Hrodna
Hrodna (weißruss. Гродна/Hrodna oder Горадня/Horadnja, russ. Гродно/Grodno, poln. Grodno, litauisch Gardinas, deutsch Garten) ist eine Stadt in Weißrussland an der Memel, nahe der Grenze zu Polen und Litauen. Hrodna hat 313.700 Einwohner (2004), darunter eine große polnische Minderheit (vor dem Zweiten Weltkrieg polnische und jüdische Bevölkerungsmehrheit). Früher führte durch Hrodna eine der wichtigsten Eisenbahnverbindungen der Sowjetunion von Wilna nach Warschau. Bedingt durch die politische Situation in Weißrussland umgeht man aber inzwischen weißrussisches Gebiet. Hrodna ist Partnerstadt von Minden in Westfalen.
Geschichte
Hrodna wurde 1128 zum ersten Mal erwähnt. Die Stadtrechte erhielt es 1391 vom litauischen Fürst Vytautas. Der Fürst stiftete der Stadt die Pfarrkiche und ließ sich zwei von drei hier befindlichen Schlösser ausbauen. Nach der Schlacht von Grünwald (1410) erlebte die Stadt schnell eine Blütezeit, in der sie sich auch teritorial erweiterte. Hrodna wurde von zwei Bürgermeistern regiert, einem katholischen und einem orthodoxen. Ihre goldene Zeit erlebte die Stadt während der Herrschaft der Jagiellonen- und Vasa-Dynastie. Während der Zeit von Stefan Batory wurde Hrodna de facto zu Hauptstadt des polnisch-litauischen Reiches. Das alte Schloss wurde damals ausgebaut, es entstand auch eine bekannte Jesuiten-Schule. Schlechte Zeiten für Hrodna brachen mit der sog. „Schwedenflut“ an. Erst unter der Herrschaft von Stanisław August Poniatowski verbesserte sich die Lage Hrodnas wieder. Hier entstand das erste Schauspielhaus Litauens, der letzte polnische König gründete auch mehrere Schulen. Seit 1776 erschien die Wochenzeitung "Gazeta Grodzieńska" (Grodnoer Zeitung) und "Rocznik Gospodarczy" (Ökonomisches Jahrbuch).
Im Jahre 1793 fand in Hrodna der letzte polnische Sejm staat, auf dem die die zweite Teilung Polens ratifiziert wurde. Zwei Jahre später die Stadt kam unter russische Herrschaft und wurde 1802 zum Sitz eines russischen Gouverneurs. 1812 von napoleonischen Truppen besetzt, fiel sie einige Monate später wieder unter russische Kontrolle. Größeren Repressionen wurden die Bewohner der Stadt (mehrheitlich Polen und Juden) erst nach 1831 ausgesetzt. Der Zar ließ den griechisch-katholischen Ritus verbieten, römisch-katholische Klöster wurden Schritt für Schritt liquidiert. Die öffentliche Verwendung der polnischen Sprache wurde verboten.

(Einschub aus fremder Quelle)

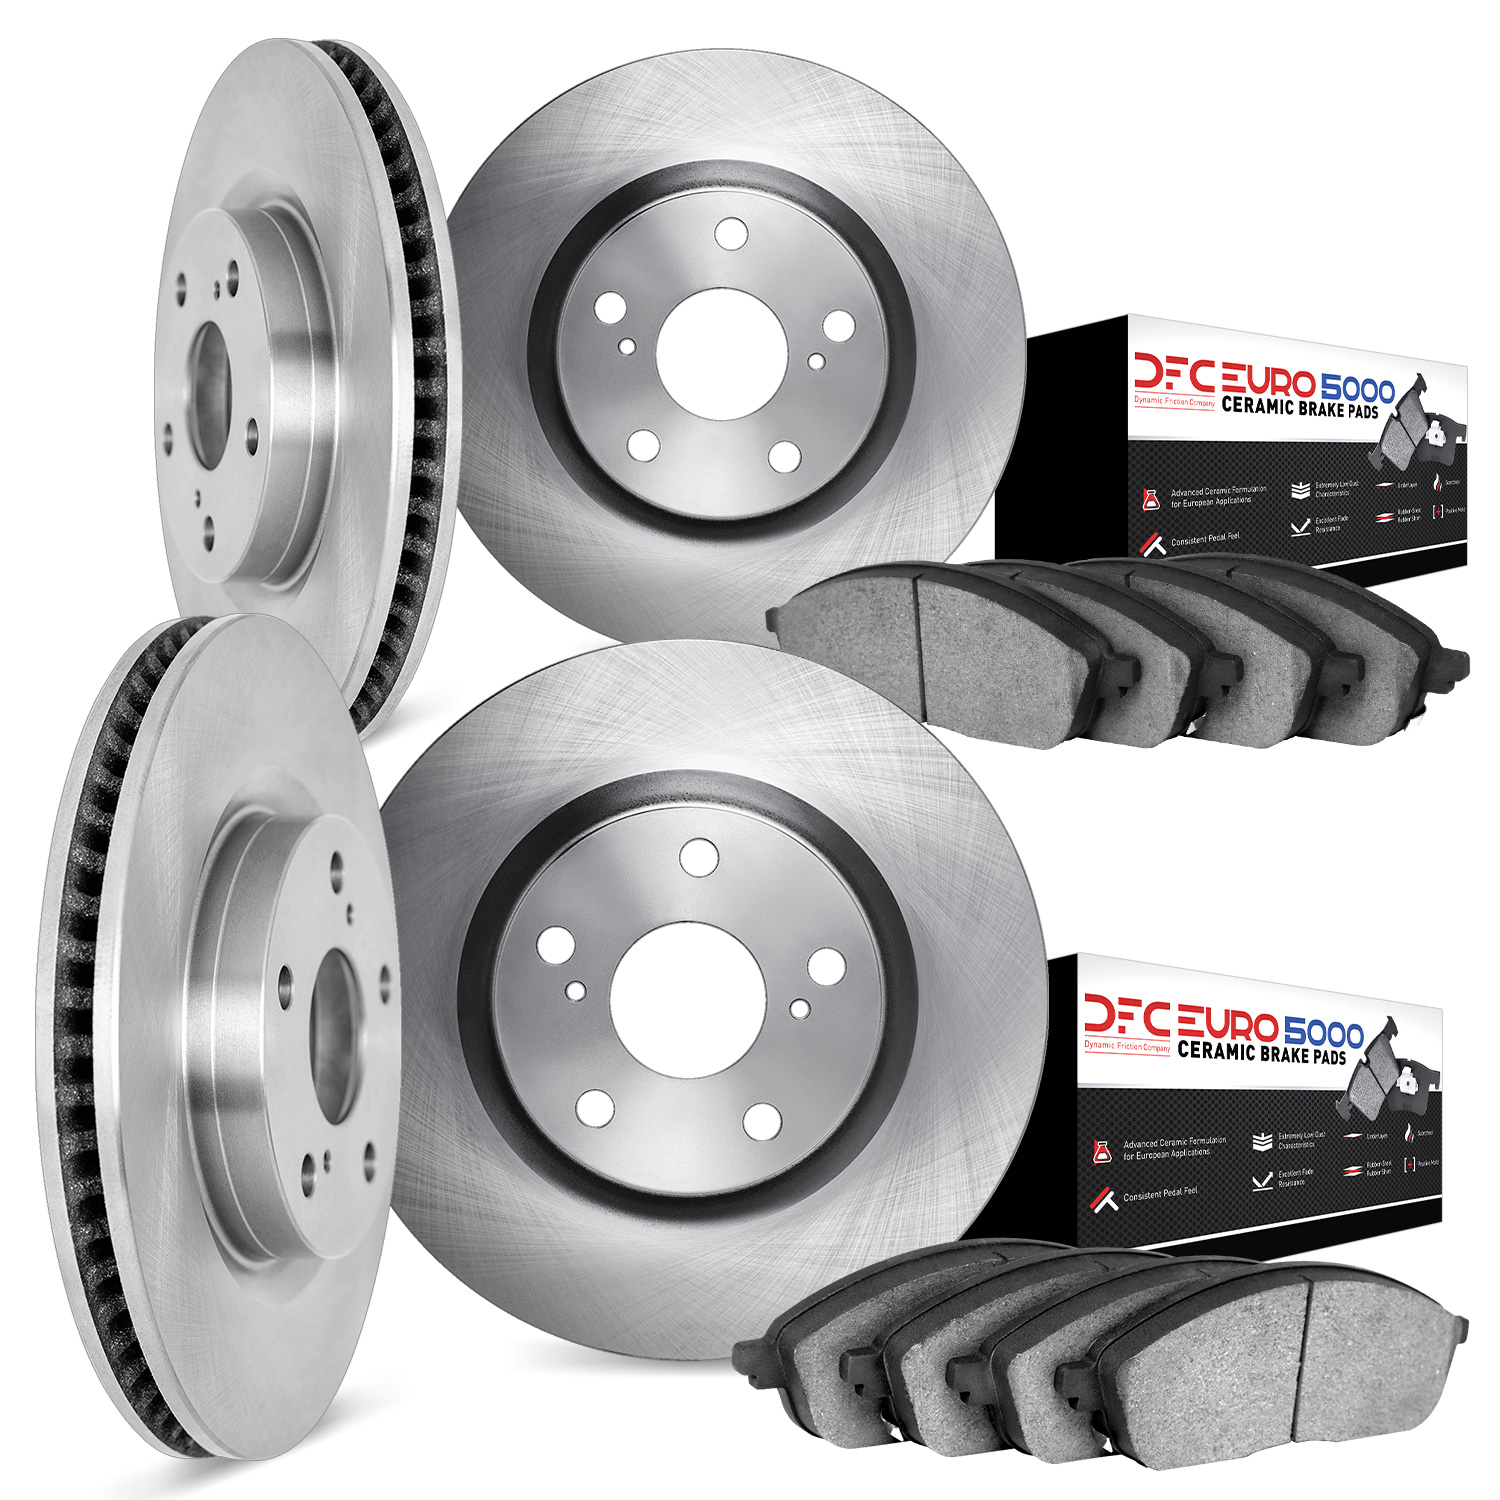 6604-31015 Brake Rotors w/5000 Euro Ceramic Brake Pads, 2000-2003 BMW, Position: Front and Rear

1862 wurde eine Eisenbahnverbindung zwischen Warschau und Petersburg gebaut, die auch Hrodna berührte. 1863 nahm die Mehrheit der Bewohner am Aufstand gegen Zar Alexander II. teil.
Von 1915 bis 1919 war die Stadt von deutschen Truppen besetzt, im Frühling wurde sie dem neu entstandenen Polen angeschlossen und wurde zur Kreisstadt in der Woiwodschaft Białystok . Die Mehrheit der Stadtbevölkerung bildeten Polen und Juden, in der Umgebung wohnten Polen und Weißrussen.

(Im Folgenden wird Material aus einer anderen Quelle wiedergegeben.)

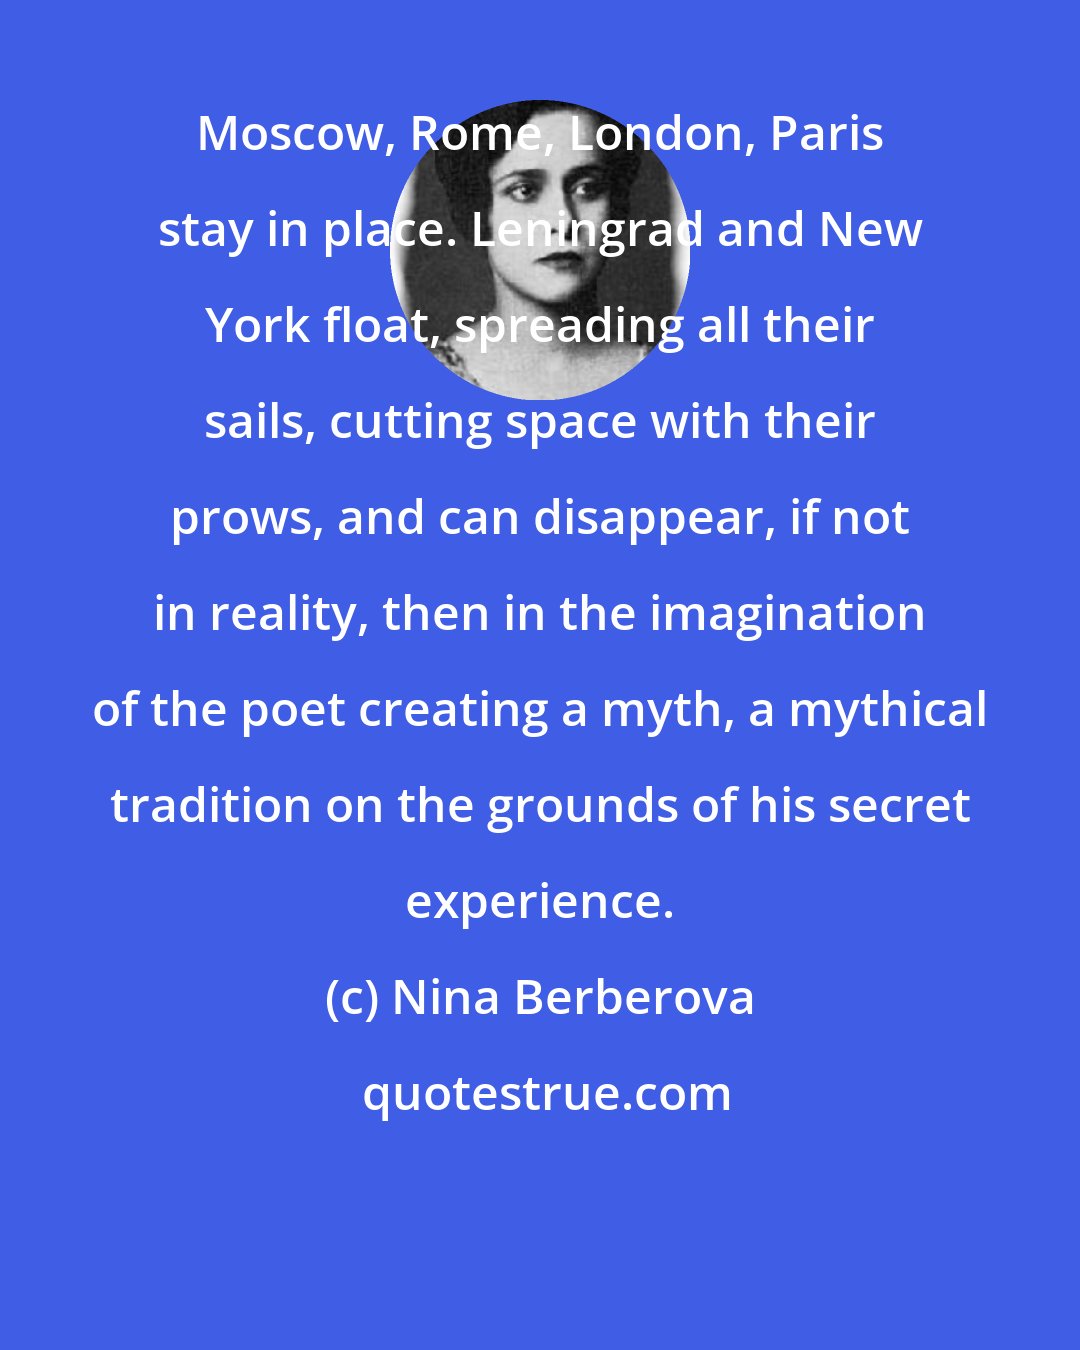 Nina Berberova: Moscow, Rome, London, Paris stay in place. Leningrad and New York float, spreading all their sails, cutting space with their prows, and can disappear, if not in reality, then in the imagination of the poet creating a myth, a mythical tradition on the grounds of his secret experience.

In der Zwischenkriegszeit wurde die Stadt zur kulturellen Hauptstadt der Region: das Schauspielhaus, benannt nach Eliza Orzeszkowa, wurde eröffnet, es entstanden auch historische und geologische Museen und ein Zoo. Hrodna war Sitz einer großen Militärgarnison. Die wichtigsten Sehenswürdigkeiten aus jener Zeit wurden mittlerweile restauriert bzw. wiederaufgebaut.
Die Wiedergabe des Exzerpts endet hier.